Le biais du tarif en vigueur, qui permettait à un producteur d'obtenir une meilleure rentabilité de son installation en sous-dimensionnant ses machines (12), est éliminé par l'allongement de la première période tarifaire. Ce biais avait pour inconvénient, à vitesse de vent donnée, de maximiser concomitamment la rentabilité pour l'investisseur et le coût unitaire pour la collectivité et de minimiser les volumes produits. Cependant, l'allongement envisagé de la première période, qui ne s'accompagne d'aucune diminution du tarif en niveau constitue, in fine, un revenu supplémentaire. En première approche, il eût été préférable de déterminer des tarifs haut et bas, à des niveaux indépendants des caractéristiques de l'installation ou du site, et de conditionner le passage de l'un à l'autre au volume de production.
Le nombre de projets déposés en préfecture (13) depuis la publication de l'arrêté tarifaire du 8 juin 2001, pour beaucoup entravés par des difficultés d'acceptation, et la spéculation foncière, matérialisée par la forte augmentation des loyers sur les sites d'implantation, démontrent l'attractivité du tarif en vigueur. Le relèvement envisagé risque d'accroître la pression des investisseurs et d'exacerber les conflits aux dépens du consommateur et de la mission de service public de l'électricité. La Commission de régulation de l'énergie en appelle à une meilleure organisation des procédures d'agrément et souligne l'avantage économique et social dont bénéficierait la collectivité à adapter le rythme et les objectifs de développement de la filière à la capacité d'acceptation locale.

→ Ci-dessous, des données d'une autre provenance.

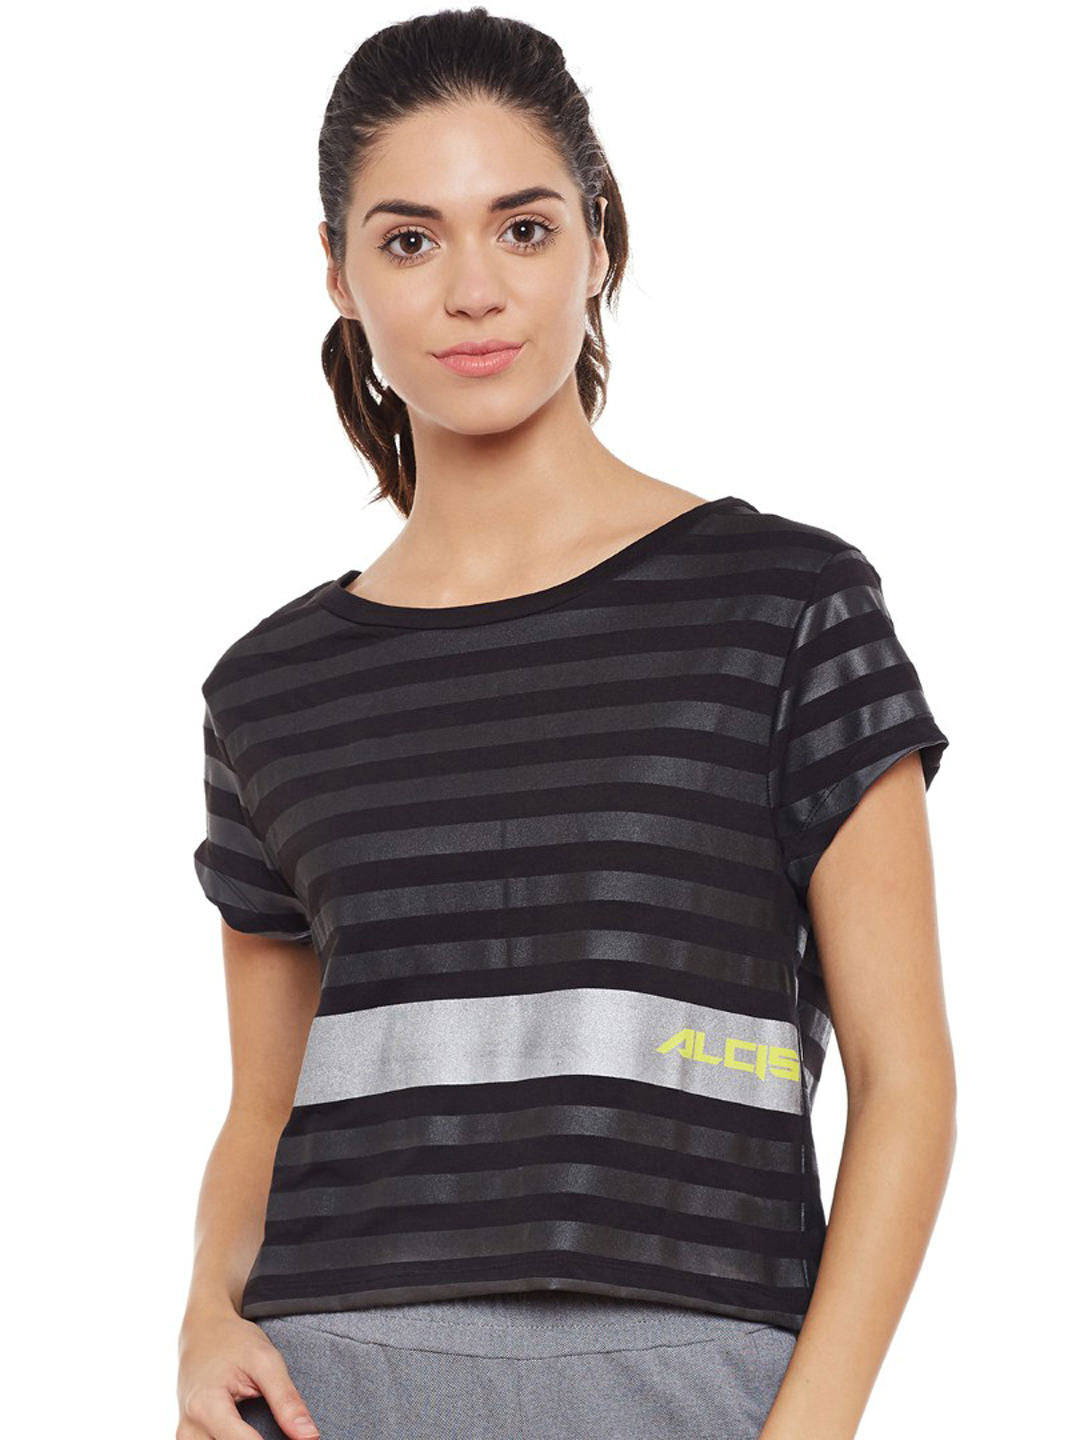 Alcis Women Black Striped Round Neck Sports T-shirt AKTRWTE1180303 AKTRWTE1180303-S

L'ensemble des données qui précèdent conduit la CRE à considérer que le tarif proposé est trop élevé si on le compare aux coûts de la filière éolienne. Dans les conditions de financement et de marché actuelles, même dans l'hypothèse de coûts la plus défavorable, un tarif diminué d'au moins 6 % pour les installations fonctionnant 2 400 h/an (soit 5 EUR/MWh durant les dix premières années) et de 10 % pour les installations fonctionnant 2 600 h/an suffirait à rémunérer les investisseurs.